Introduction: Build Your Own Internet Radio

This Instructable shows you how to build an internet radio (listen to jazz, house music, rock, salsa...) in less than 30 minutes without any technical knowledge nor soldering.

The radio uses a raspberry Pi as hardware, a ready to flash file to write a SDCard and a graphical interface to customize the radio itself.

Step 1: The Hardware

Get first a Raspberry Pi 2 from any vendor (see here). The Raspberry Pi is a low cost (less than 45$), credit-card sized computer. It is a capable little device that enables people of all ages to explore computing. It’s capable of doing everything you’d expect a desktop computer to do.

We use one to build our Internet Radio.

Step 2: Get the Software

Getting the software is easy and free from theThingbox.io web site: just a file to download from here (choose the PI2 version) and to write to a SDCard as explained here. Then insert the SDCard into the Pi, switch on the Pi and launch an internet browser from your PC (windows or Mac).
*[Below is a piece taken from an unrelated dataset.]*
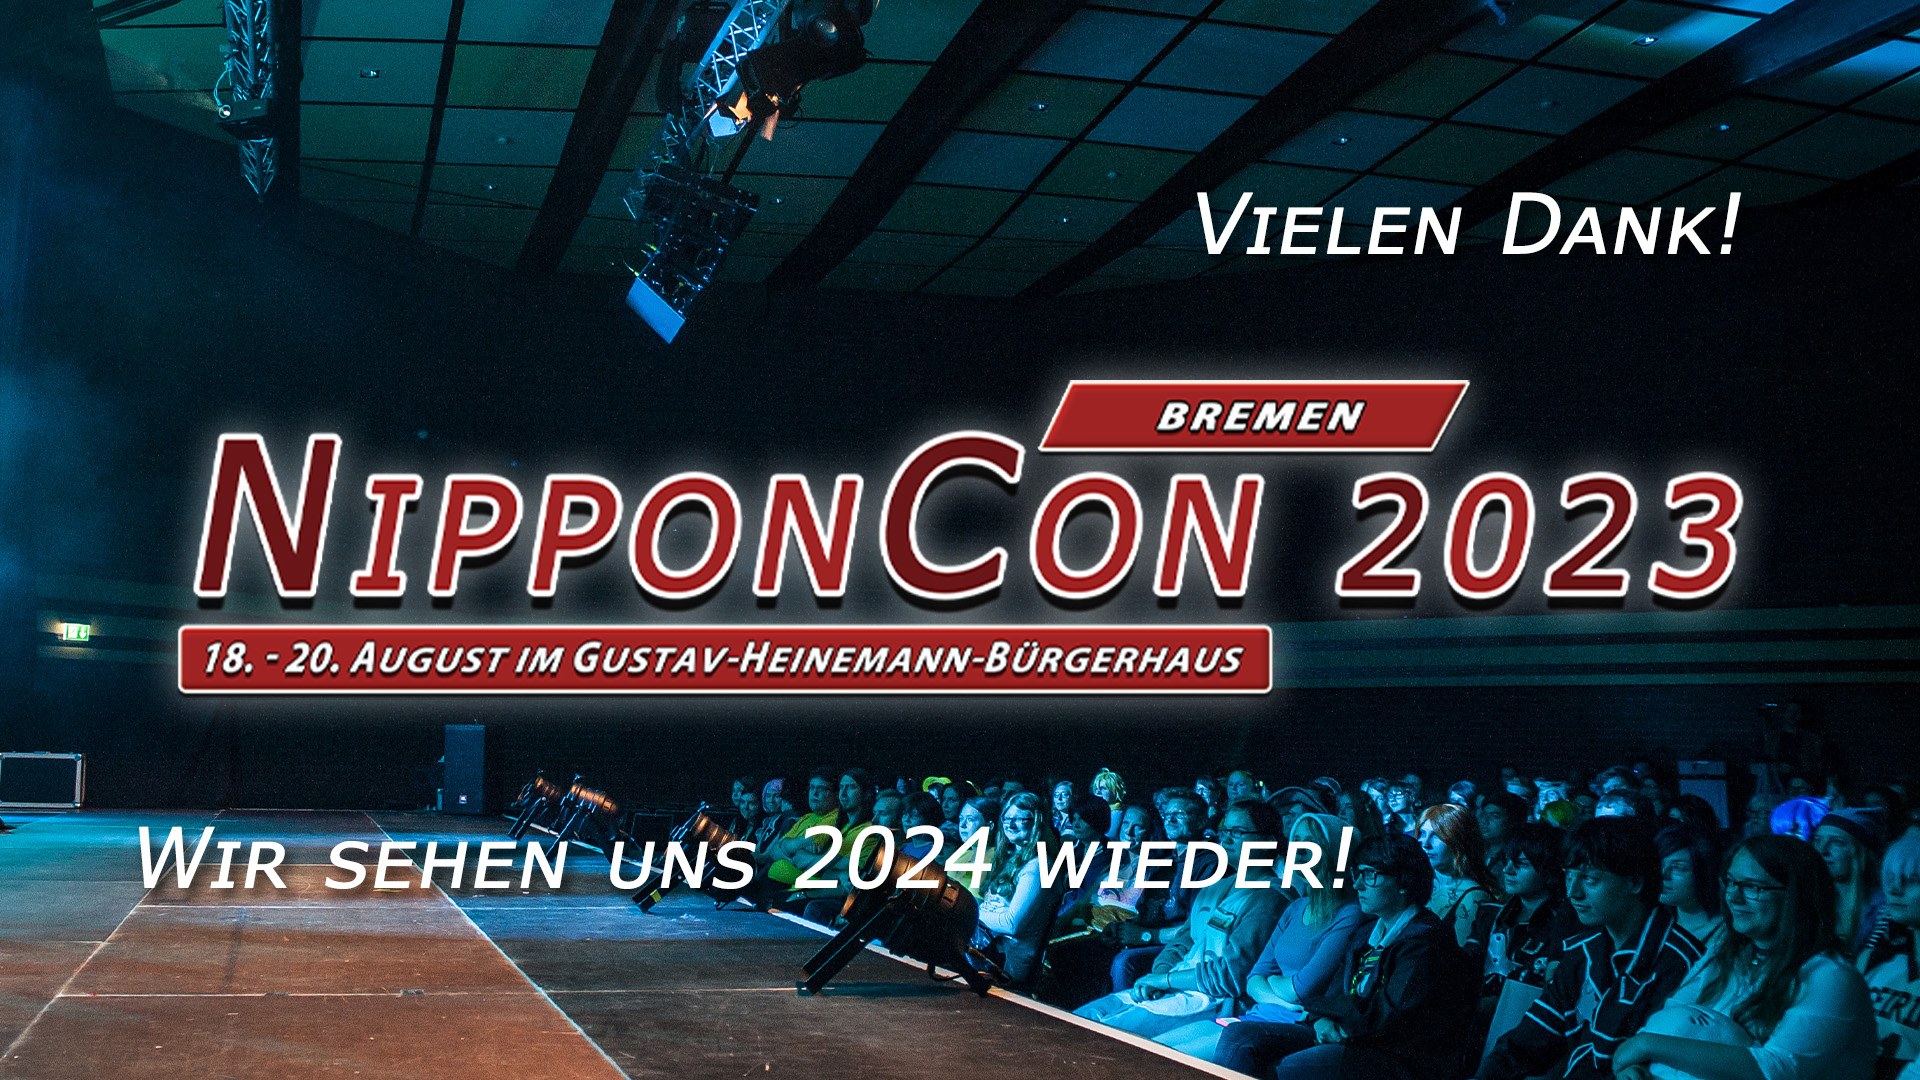 Vielen Dank! NipponCon 2023 Bremen. 18. - 20. August im Gustav-Heinemann-Bürgerhaus. Wir sehen uns 2024 wieder!

Alternatively, you can buy an already built Pi 2 here: http://TimeSquAir.io

Step 3: Access the Pi From Your Internet Browser

Enter the network address of the Pi into the address bar of your browser (see here for detailed instructions) and voila!

Step 4:

Here is the basic editor.

Now we can create the radio.

Step 5: Create the Radio


From the right menu, import the Lib "Sound Demo".

Step 6:

Look at all these bubbles! This is the flow, made with "nodes" and "wires" between them.

The flow is the way the radio works.

Step 7: Activate

Then clic on the "Activate" red button to send the flow to the Pi.

Step 8: Play Music

Don't forget to plug a device out of the audio jack output of the Pi.

Now if you clic on the top "Go" button, the flow goes out to the next node and so on until the blue node that plays Jazz.

"Shaaaa ba da, shaaa ba da"...

If you hate Jazz, you can hit the second "Go" button that stops the music. In this case you may use the Salsa node instead?

Step 9: Change to Salsa

Use the mouse to change the flow (you can learn mode detailed instructions from here): select and delete the wire that goes to the jazz node and add a new one that goes to the Salsa node.

Step 10:

Here is the final flow that plays Salsa. Try it with the "Go" button!

Step 11:

May be you don't want to use your PC to launch the music?

To make is as easy as possible, we will launch the music when the Pi is powered on, and the switch Off will (of course) stop the music.

To achieve, that, replace the first "Go" node with an "Inject":

Step 12:

Drag and drop a "inject" node from the left palette.

Double clic on the newly created "inject" node on the worskpace and check the box "Fire once at start" so the flow will run when the Pi is powered on.

Step 13:

Here is the final flow:

Step 14:

Step 15: More Radios

Maybe you hate Jazz as well as salsa!

In this case, import the "Sound radios" library.

Step 16:

In these radios you may find the one you love and use it as a node in the previous flow.

If you still want another particular radio, you can edit a blue node:

Step 17:

Add the Internet adress and the name of the radio and use your new node!